When part of Norfolk's Seahenge goes on loan to the British Museum, thousands more will marvel at its mystery. But as fresh debate over the timber circle begins, Chris Bishop wonders if we will ever know its purpose.
Footsteps from the long lost past fade into the mists of time on a windswept beach.
More than 4,000 years ago, ancient people built oak circles on the shore at Holme next Sea.
But almost 25 years since the timbers and other fragments of our ancestors' lives were revealed by the shifting sands, our tap of knowledge has long since run dry.
We know when, but we don't now why. And will we ever have enough pieces of the puzzle to crack the enigma that is Seahenge?
Storms lash the remote beach beyond the dunes at Holme, near Hunstanton, when the winter gales blow in from the north.
Late in 1998, the tide carried away tonnes of sand, revealing underlying peat. Fickle beaches come and go along Norfolk's brittle coastline.
But the black beds that lay under sheets of sand had stood their ground for thousands of years, guarding even older secrets.
The tips of a timber circle could be seen at low tide, surrounding an upturned tree stump with its roots pointing skywards.
Controversy engulfed the beach the following year, after scientists decided to excavate the relic to study it.
Villagers and druids wanted the circle to be left in place, for fear digging it up would destroy its ancient magic.
Protestors sat on the central stump in a last-ditch bid to stop the spades. But their cries and songs could not stand in the way of science.
Archaeology won the day. The timbers were carted away to be studied and eventually preserved for posterity, before going on display at King's Lynn Museum.
The circle was built in the spring or early summer of 2049BC. Its posts bore the marks of more than 50 different axes.
That showed more people owned axes and that society was more organised than had previously been believed in the early Bronze Age.
What the science didn't show was why a community would join forces to build the circle.
Fast forward 4,000 years and we know who invented the wheel, the aeroplane, the telephone or the internet.

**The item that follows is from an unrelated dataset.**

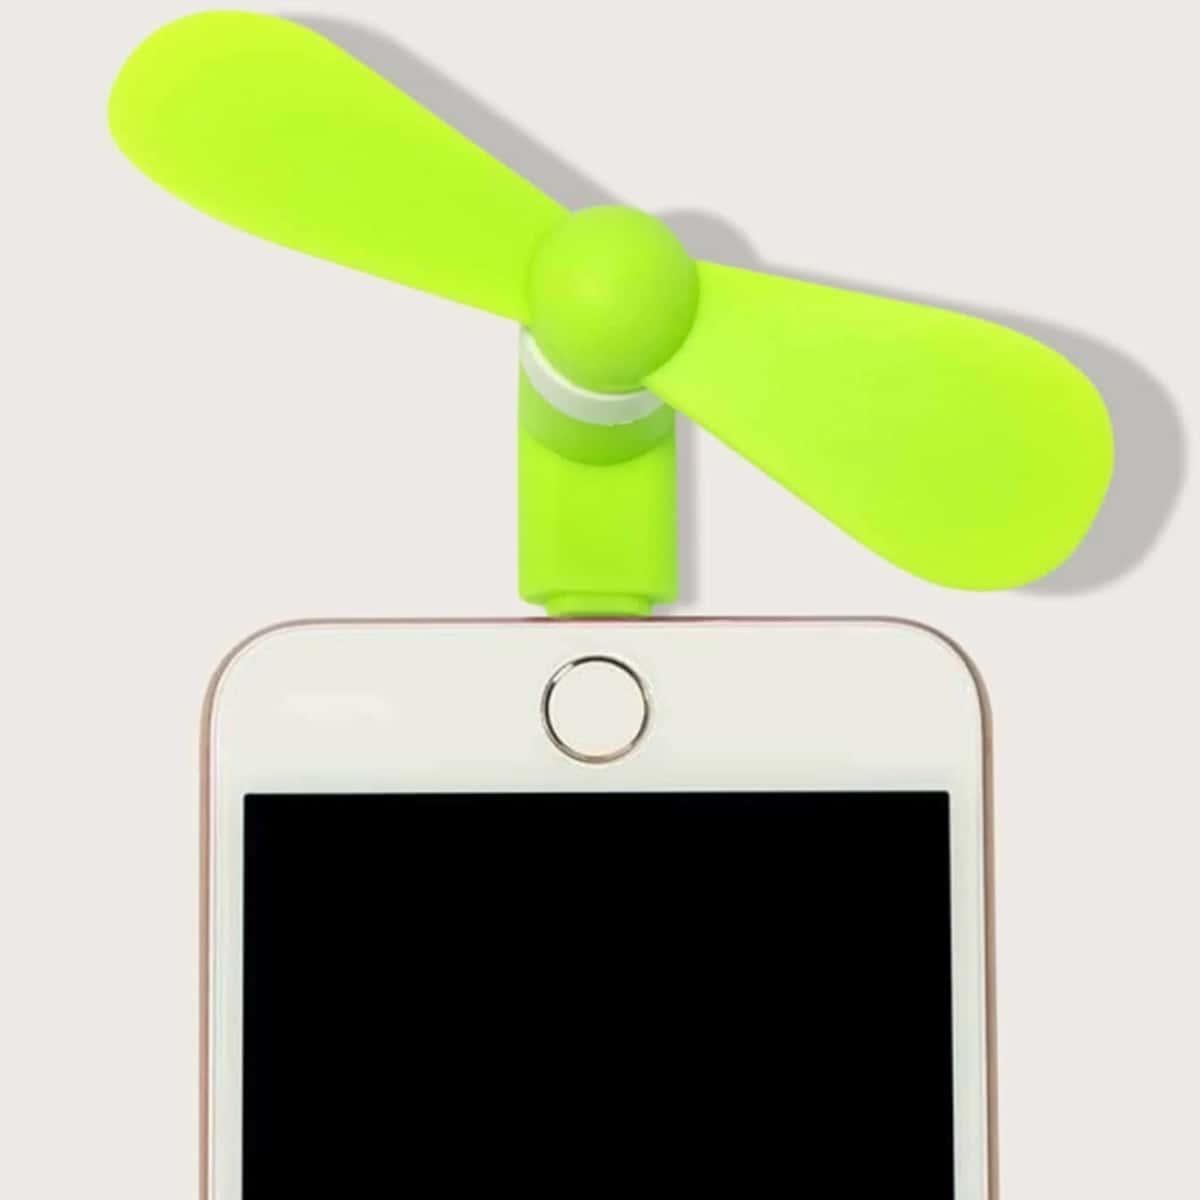 Мини вентилятор для iPhone 1шт

Yet the origins of the earliest technologies of them all are as mysterious as Seahenge.
Thousands of years ago, people lit fires for warmth, to cook over or to drive away hostile animals.
Then someone noticed a liquid that came from certain types of rocks that could be poured.
And so metal would go on to forge civilisation, bringing tools, weapons and riches.
Seahenge came in the early Bronze Age, after the discovery that mixing two metals together made a much stronger axe head.
Yet it existed in a landscape where thought and language were so far removed from our own that they might as well have come from another world.
We might never be able to understand the beliefs of our forbears or the words they used to express them and pass them down through the generations.
There were no hieroglyphics or runes carved on the timbers of Seahenge. No recipes for forging axe heads, or insight into who or what they might have worshipped have ever been found.
This is why we may never, ever get it. One theory has it that the timber circle may have been built as a site for so-called sky burial, where an important person's corpse might have been placed on the central stump to be carried away into the heavens by carrion eating birds.
Seahenge isn't really a henge at all - at least not in the same sense as Stonehenge, which stands on the western side of the country on Salisbury Plain and pre-dates it by a few centuries.
The name was actually first coined by two EDP journalists, not by archaeologists, amid a lively debate in the office over what to call it.
But Seahenge may have had other links to the ritualised landscape of ancient Wessex, with its great stone circles and barrows or burial mounds.
I say may, because we will never now know for certain what links it may have had to a culture so far removed from ours.
For the remains of the so-called Holme 2 - a second, larger circle which emerged alongside Seahenge, were never explored or excavated before they were claimed by the sea.
The prevailing theory was that this could have been the remains of a barrow, a burial mound where two central logs formed a bier.
Its posts were inter-twined by thinner branches and there appeared to be concentric circles.
Scientists said it was built at the same time, after dating its timbers. So the two must certainly have been connected and conceived for a common purpose.
Perhaps Seahenge was a memorial, built in tribute to whoever lay within the barrow. Perhaps it was something completely different, as yet beyond our comprehension.
Yet an opportunity to shine a light further into our ancient past was passed over when the powers that be decided not to order a second dig.
Over the next few winters, the second circle was lost to the tides. Other posts, perhaps the remains of an ancient walkway had also been seen.
Out in the nearby North Sea, the remains of Doggerland - a once rich landscape which connected us to northern Europe - lie under the waves.
Flooded by rising sea levels around 4,000 years before the Seahenge timbers were felled, it may hold more clues to how we evolved as the ancients turned from being hunter gatherers to farmers who settled the land and began to adapt it to their needs.
Seahenge was found on the modern-day foreshore, where the land meets the sea. It may always stand between where what little we know of our ancient past meets wonders we may never understand.